→ **TASK TO CARRY OUT**: Lines before the one containing "知覚する学習議題アイマスク 目隠し レース付き" are not copied; that line and every one after it, through the end of the material below, are printed exactly, without pictures.

→ **RECORDED DATA**:
━━━━━━━━
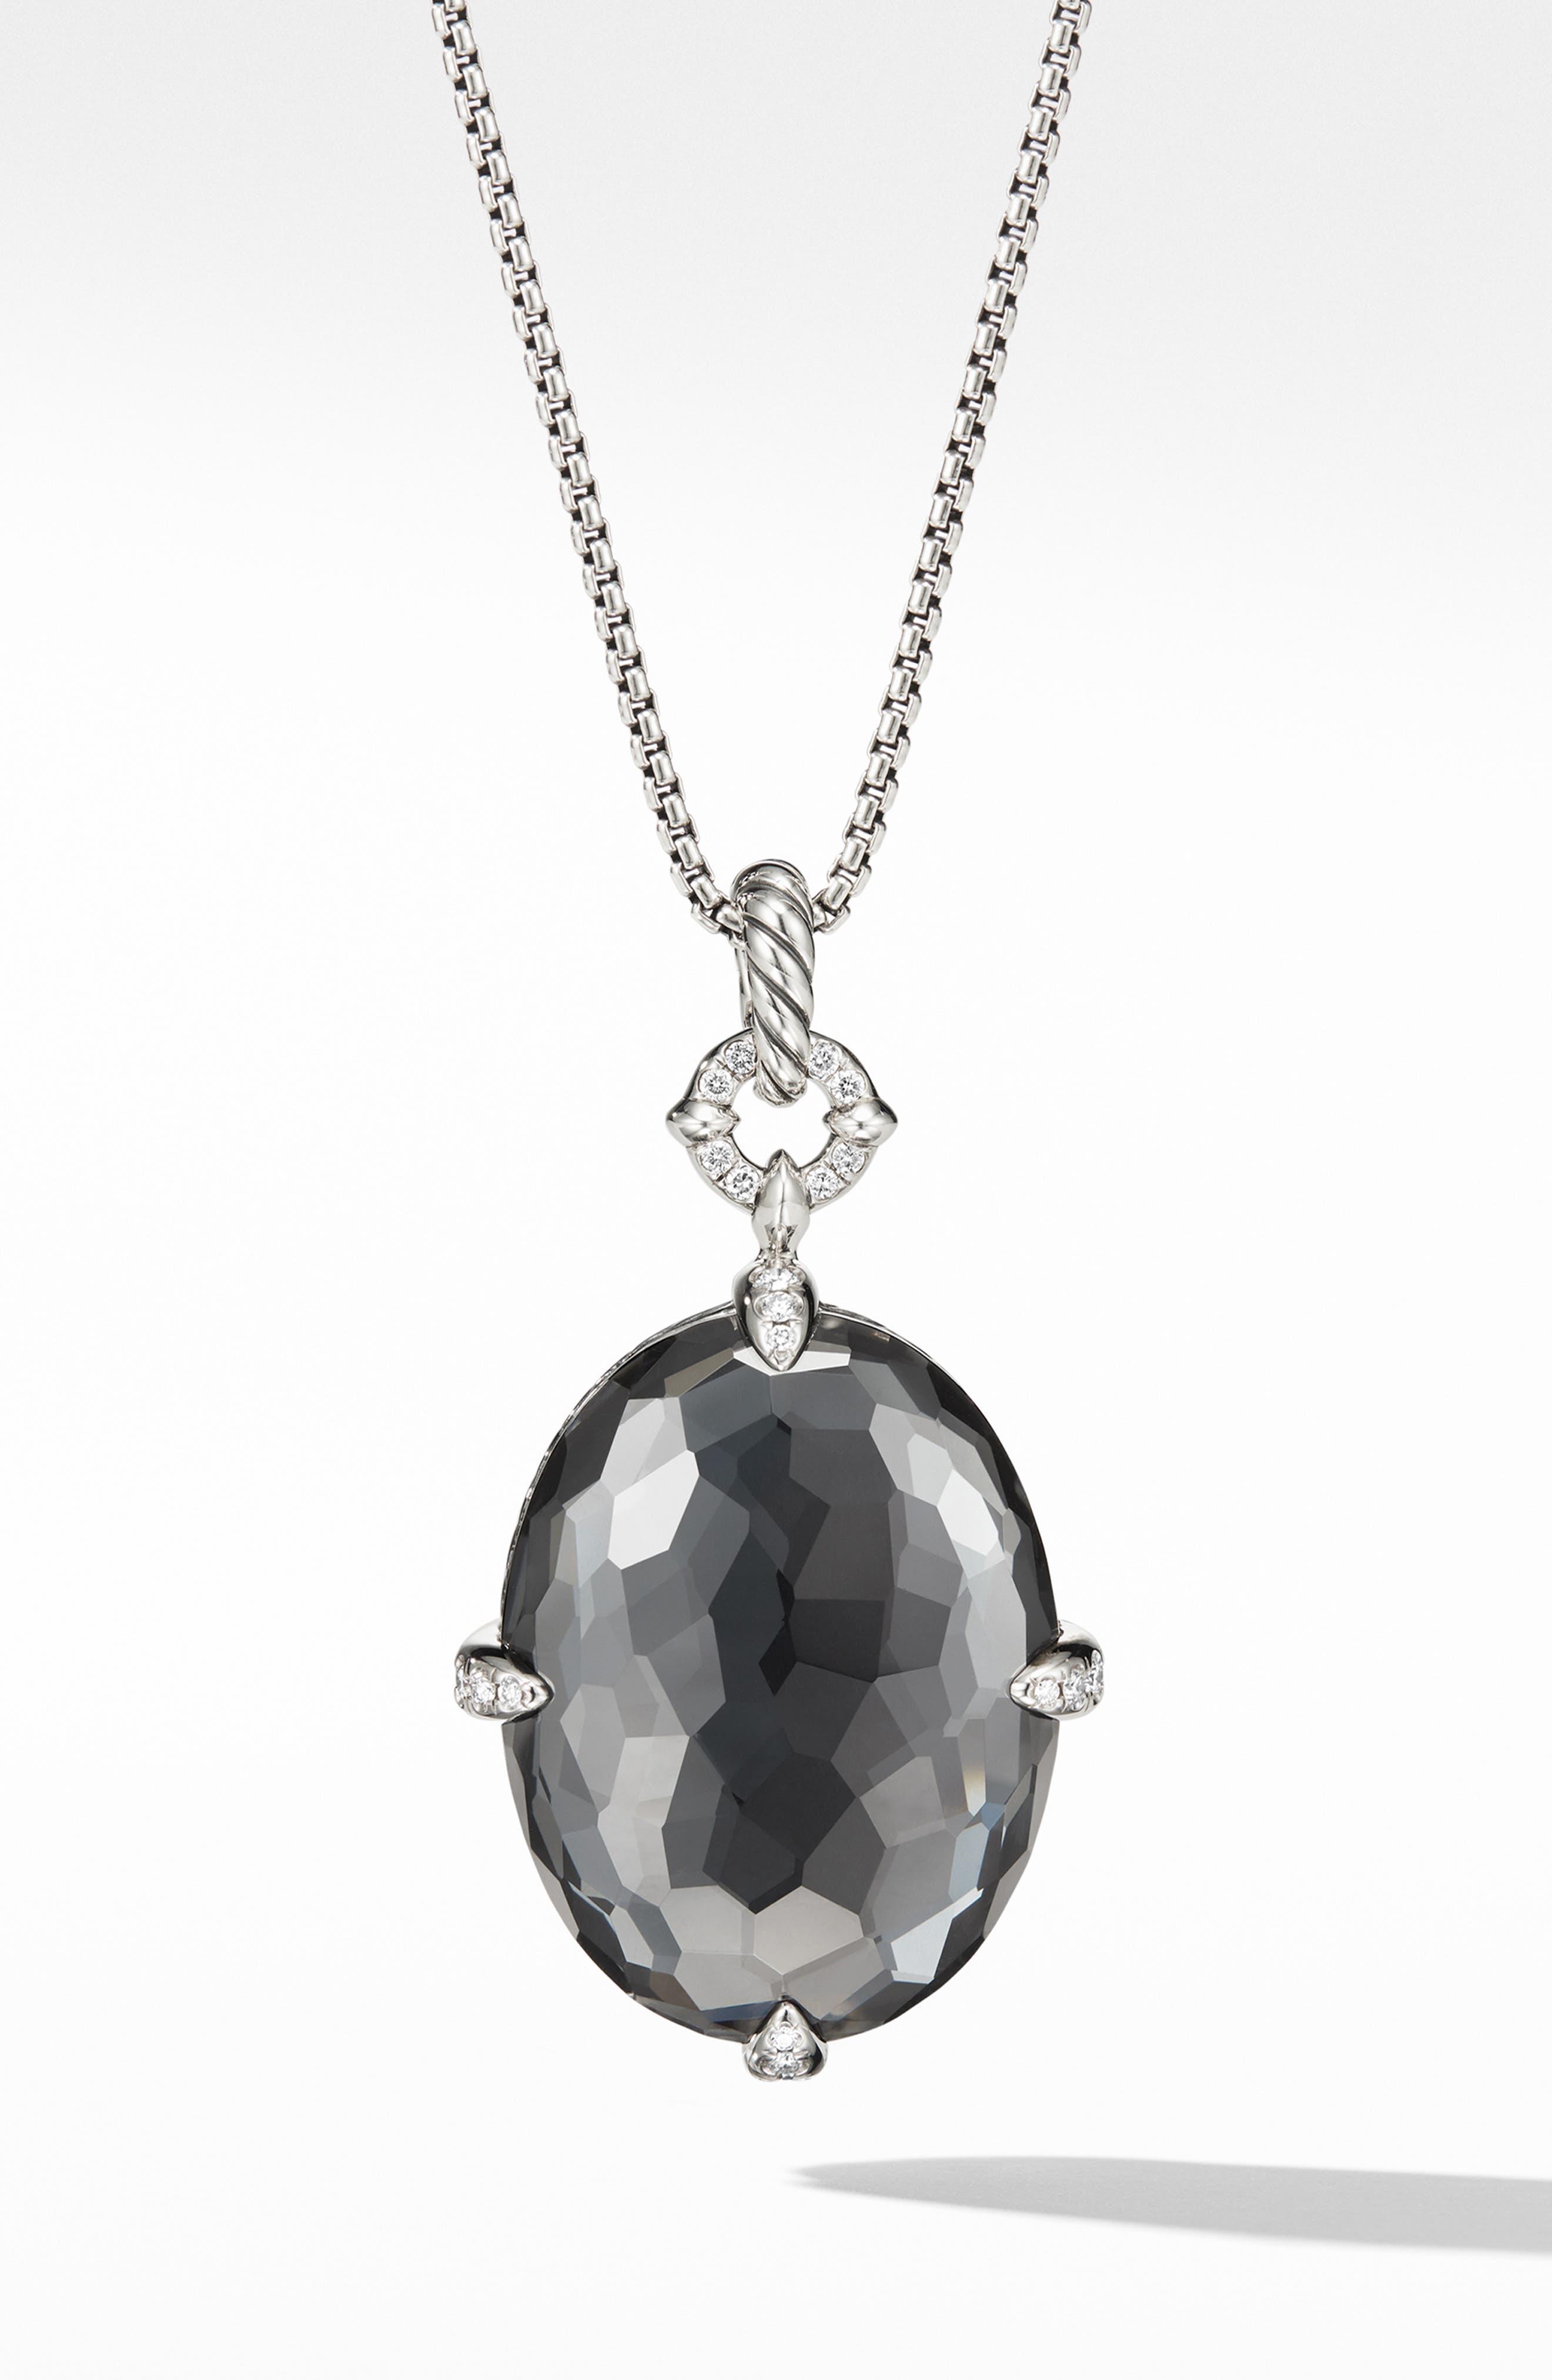 Châtelaine<sup>®</sup> Big Color Pendant Necklace,                             Main thumbnail 1, color,                             SILVER/ DIAMOND/ HEMATITE
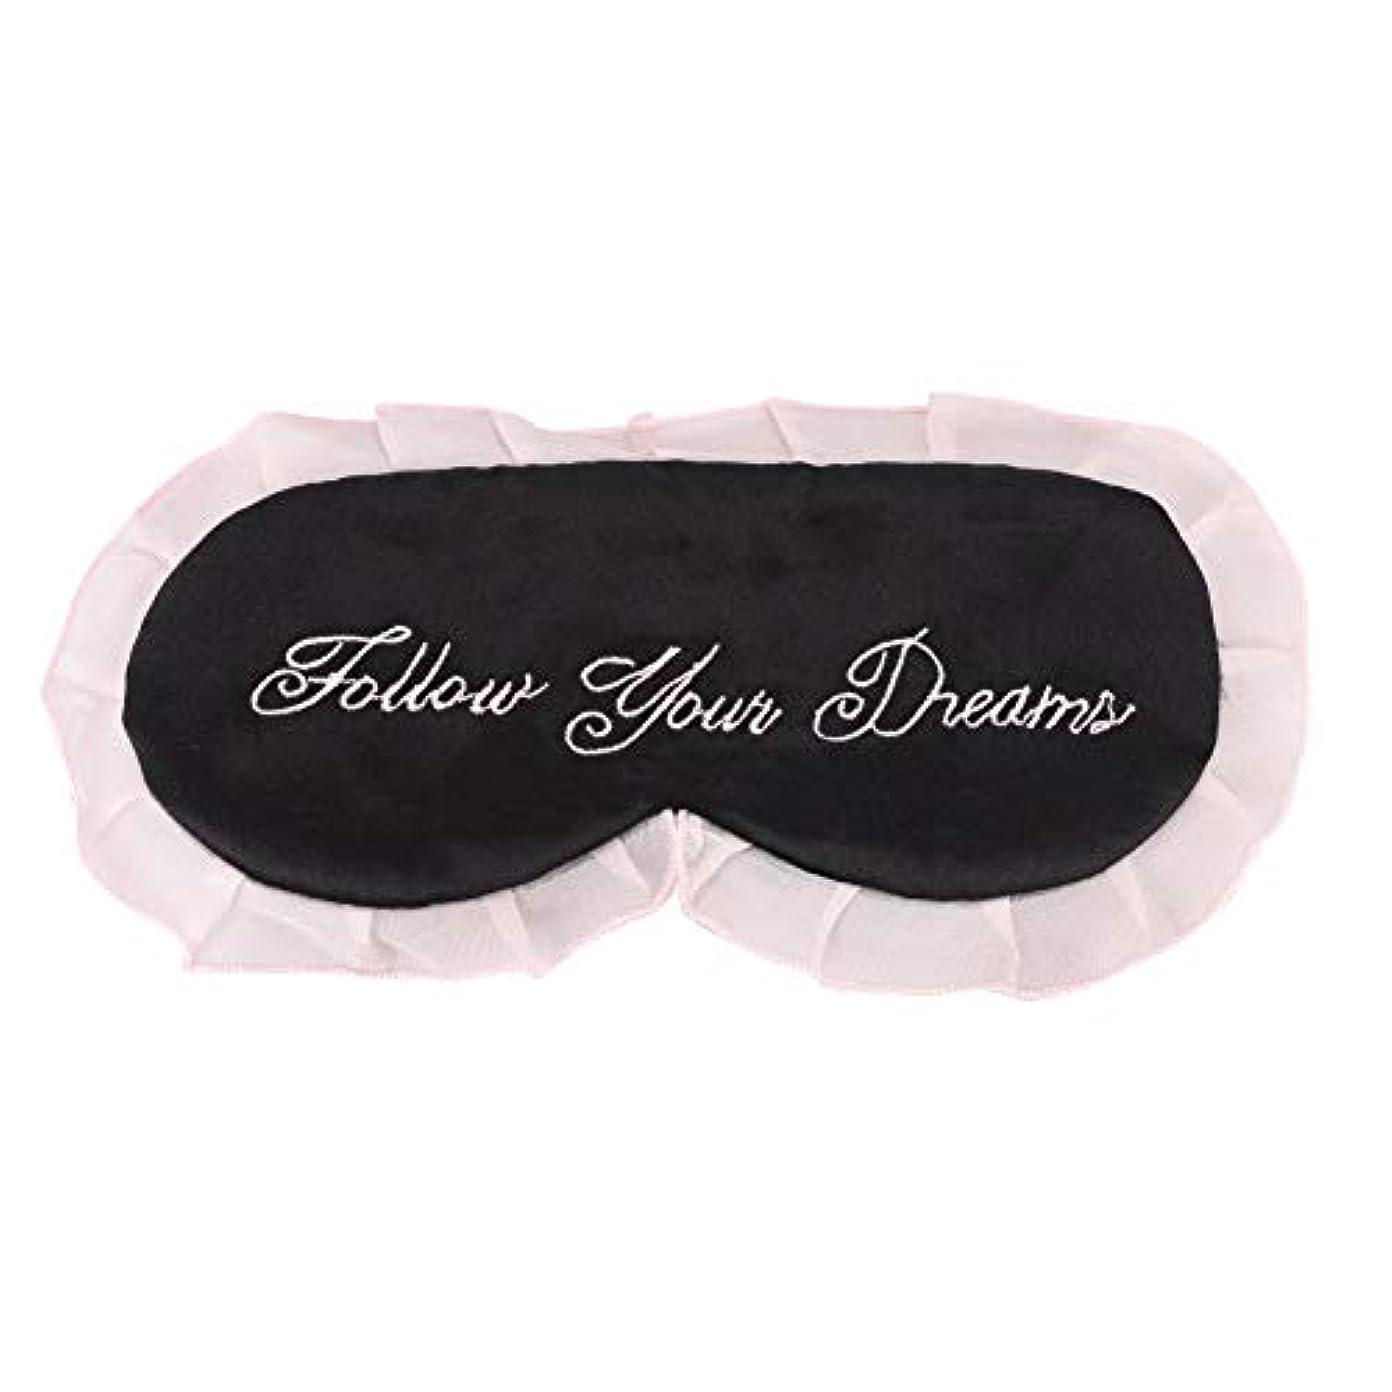 知覚する学習議題アイマスク 目隠し レース付き 軽量 遮光性抜群 通気性 安眠 ふわふわ 滑らかな肌触り 調節可能 おしゃれ 可愛い 仮眠/睡眠用 昼寝 電車 飛行機 旅行に最適 レディース 2色 ブラック
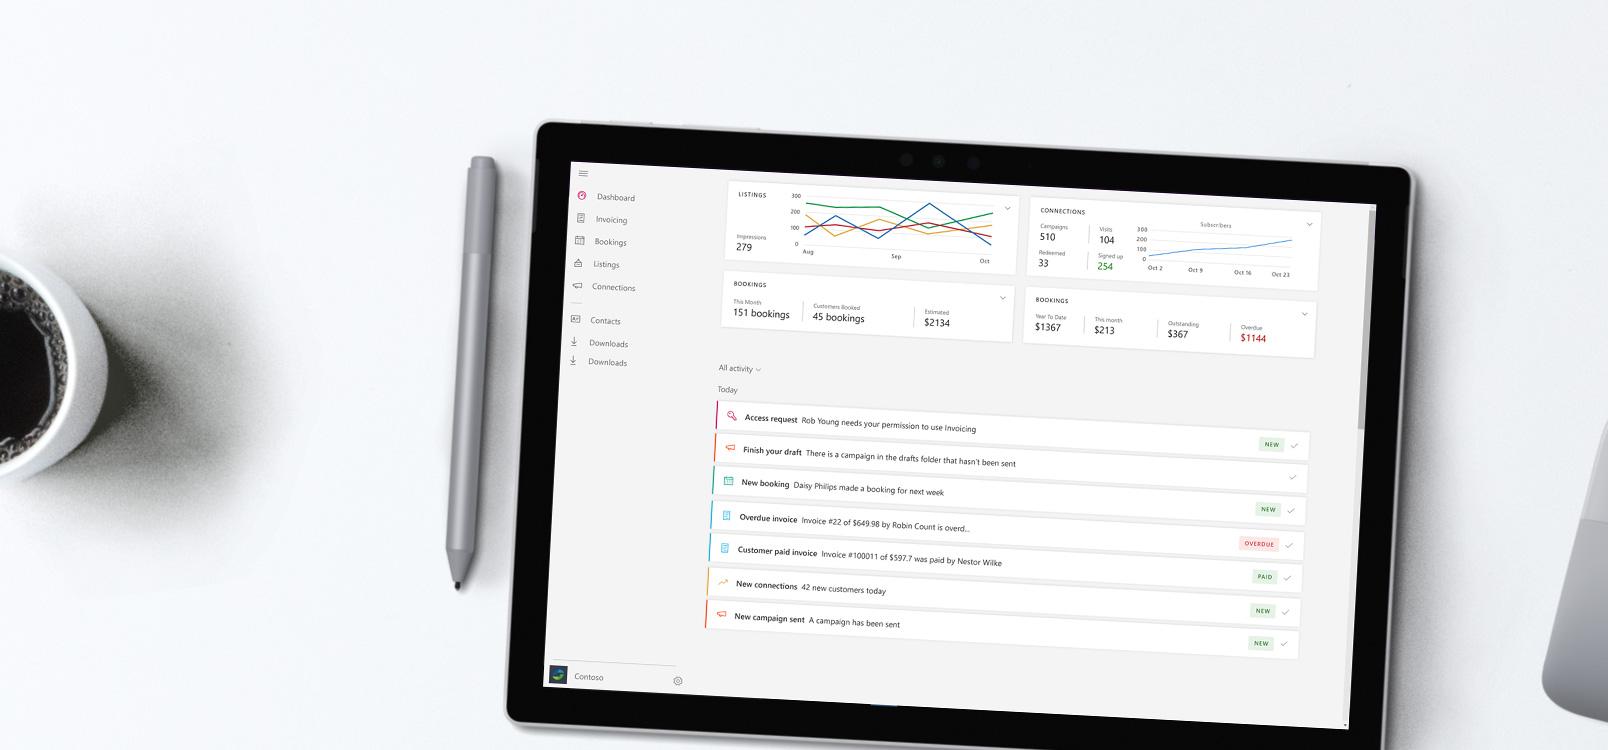 Office 365 비즈니스 센터가 표시된 노트북
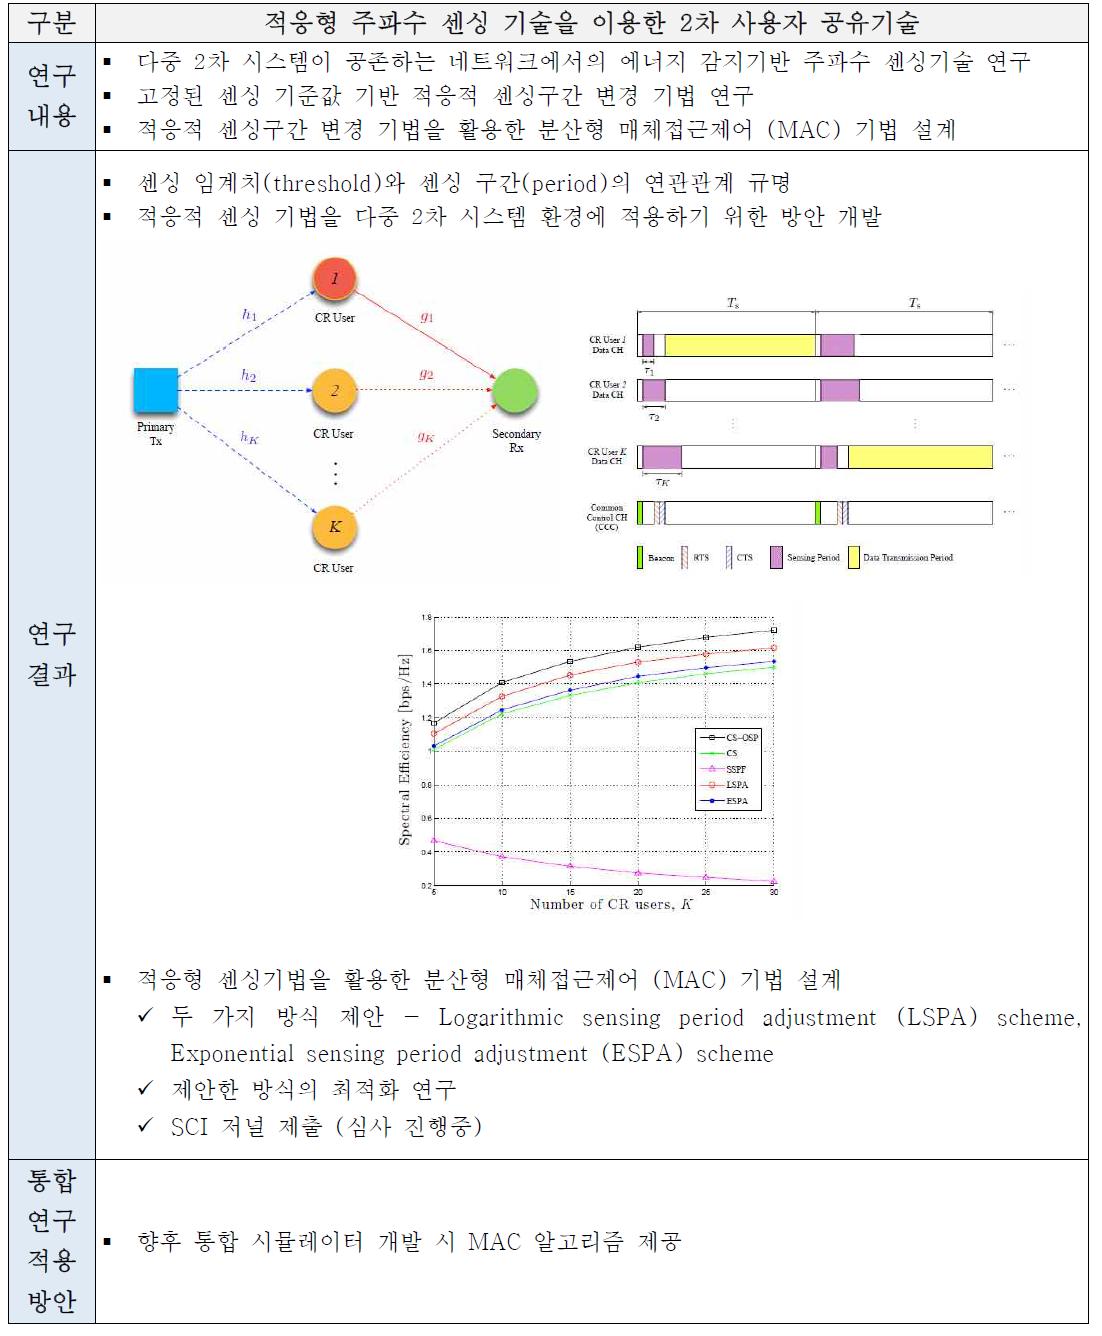 제3세부 연구부 당해연도 연구추진 내역(2차 사용자 주파수 공유기술)
━━━━━━━━
→ **RESULT OF THIS EXERCISE**:
 知覚する学習議題アイマスク 目隠し レース付き 軽量 遮光性抜群 通気性 安眠 ふわふわ 滑らかな肌触り 調節可能 おしゃれ 可愛い 仮眠/睡眠用 昼寝 電車 飛行機 旅行に最適 レディース 2色 ブラック
 Office 365 비즈니스 센터가 표시된 노트북
 제3세부 연구부 당해연도 연구추진 내역(2차 사용자 주파수 공유기술)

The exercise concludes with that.